March 14, 2023 – Forgiveness from the Heart
Tuesday of the Third Week of Lent
Peter approached Jesus and asked him, “Lord, if my brother sins against me, how often must I forgive him? As many as seven times?” Jesus answered, “I say to you, not seven times but seventy-seven times. That is why the Kingdom of heaven may be likened to a king who decided to settle accounts with his servants. When he began the accounting, a debtor was brought before him who owed him a huge amount. Since he had no way of paying it back, his master ordered him to be sold, along with his wife, his children, and all his property, in payment of the debt. At that, the servant fell down, did him homage, and said, ‘Be patient with me, and I will pay you back in full.’ Moved with compassion the master of that servant let him go and forgave him the loan. When that servant had left, he found one of his fellow servants who owed him a much smaller amount. He seized him and started to choke him, demanding, ‘Pay back what you owe.’ Falling to his knees, his fellow servant begged him, ‘Be patient with me, and I will pay you back.’ But he refused. Instead, he had him put in prison until he paid back the debt. Now when his fellow servants saw what had happened, they were deeply disturbed, and went to their master and reported the whole affair. His master summoned him and said to him, ‘You wicked servant! I forgave you your entire debt because you begged me to. Should you not have had pity on your fellow servant, as I had pity on you?’ Then in anger his master handed him over to the torturers until he should pay back the whole debt. So will my heavenly Father do to you, unless each of you forgives your brother from your heart.”
Introductory Prayer: Lord Jesus, as I prepare for the coming of Easter during this Lenten season, I turn to you in prayer. You have been merciful to me. Many times you have pardoned the great debt I owe. I trust in your merciful love and wish to transmit your love to many others faithfully. Here I am, Lord, ready to learn from your tender heart.
Petition: Lord, enlighten me to your gift of mercy.
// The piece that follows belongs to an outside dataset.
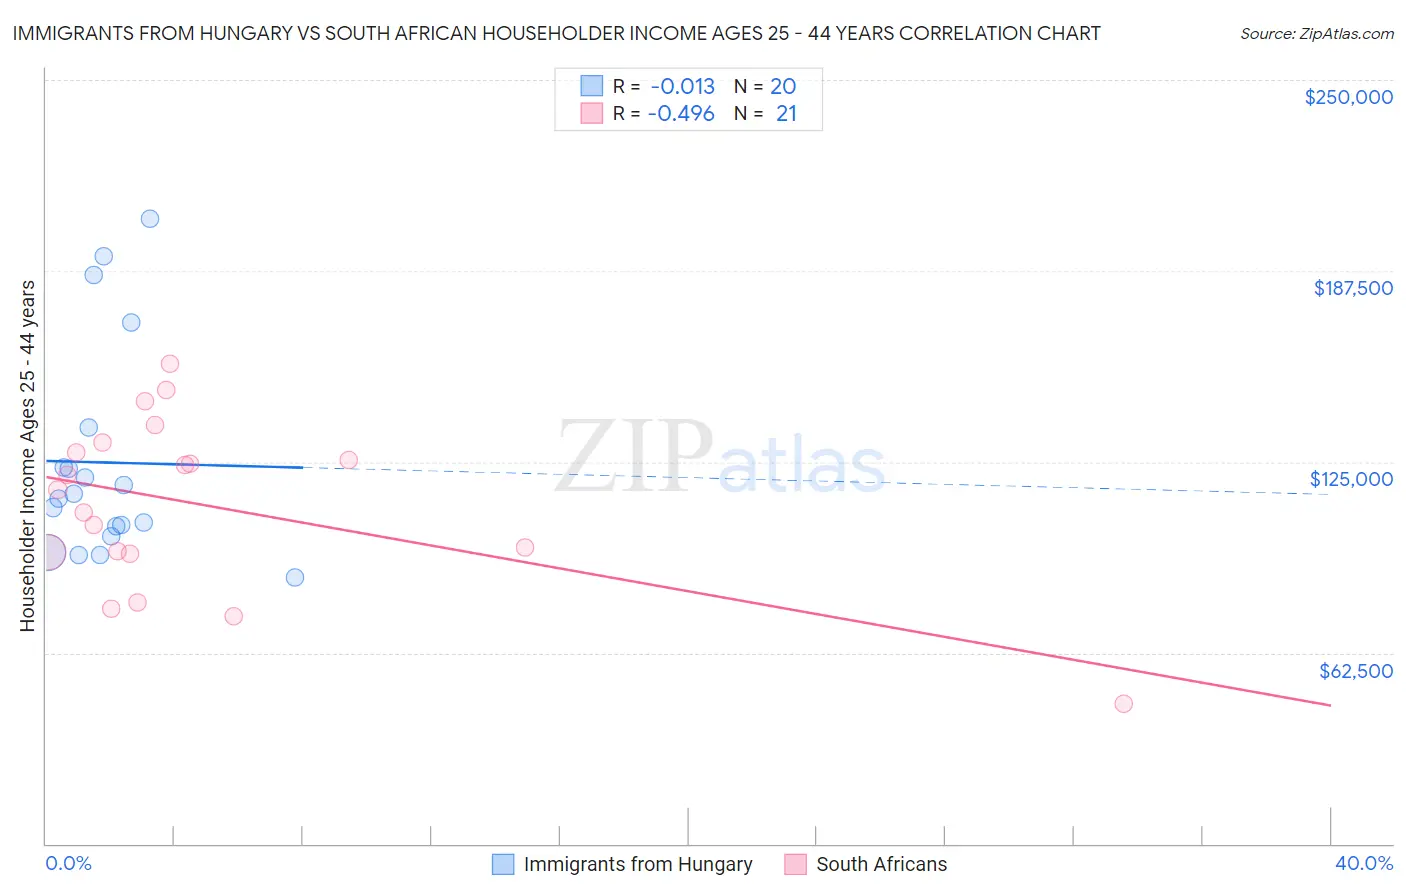 Immigrants from Hungary vs South African Householder Income Ages 25 - 44 years

- An Unpayable Debt: Peter asks Jesus how many times he should forgive his brother. Jesus gives a short answer, telling a parable to make sure his answer is understood. In the parable God is the king, and we are all the servants who owe the king a huge amount. We are all in debt to God. He created us and keeps us in existence and gives us every good thing we have, every talent and virtue. We owe God everything. He owes us nothing. Do my daily thoughts and actions reflect this truth?
- The Forgiving King: The servant, not being able to pay, falls to his knees and begs for more time so that he can pay back the debt. The king offers him more than just time—he pardons the entire debt. God is generous. When we turn to him and ask for forgiveness, he offers us much more than we could hope for—he pardons our entire debt. Then why, we might ask, does the king settle accounts with his servant if he is so generous? Why not pardon the debt from the beginning instead of ordering him along with his wife and children to be sold? He calls the servant to account so that the servant will realize how much he owes and in realizing this, he might imitate God when dealing with his fellow-worker. God does not want us to be punished for our sins. He desires to forgive us the great debt we owe him, but he calls us to account for our sins in the hope that we will recognize how much we have both received from him and owe to him and thus will ask for forgiveness.
- Unequal Treatment and Abuse of Freedom: After being pardoned, the servant does not treat his debtor in the same merciful manner. He sends him to prison. He had every right to do so. In justice, his fellow servant owed him money; but in doing so he abuses the liberty that he has just been given. He does not stop to reflect that in this moment he himself should rightly be in slavery, sold along with his wife and children in order to pay his debt. He does not reflect that he is able to confront his fellow servant only because the king has had pity on him in the first place, giving him liberty. The offenses we suffer from our fellow men are real offenses, but before we demand justice we must stop and reflect that it is only because God has forgiven us our sins that we have the liberty to demand reparation from our fellow men. That reflection must lead us to have the same mercy with our fellow men that God has had with us.
Conversation with Christ: Lord, thank you for this time of prayer. I must recognize that you have been merciful with me and forgiven me the great debt I owe. Thank you for the many times you have given me a second chance. During this time of Lent, help me to practice mercy toward those who owe or offend me.
Resolution: I will think of someone who has offended me and say a prayer asking God to help me forgive them.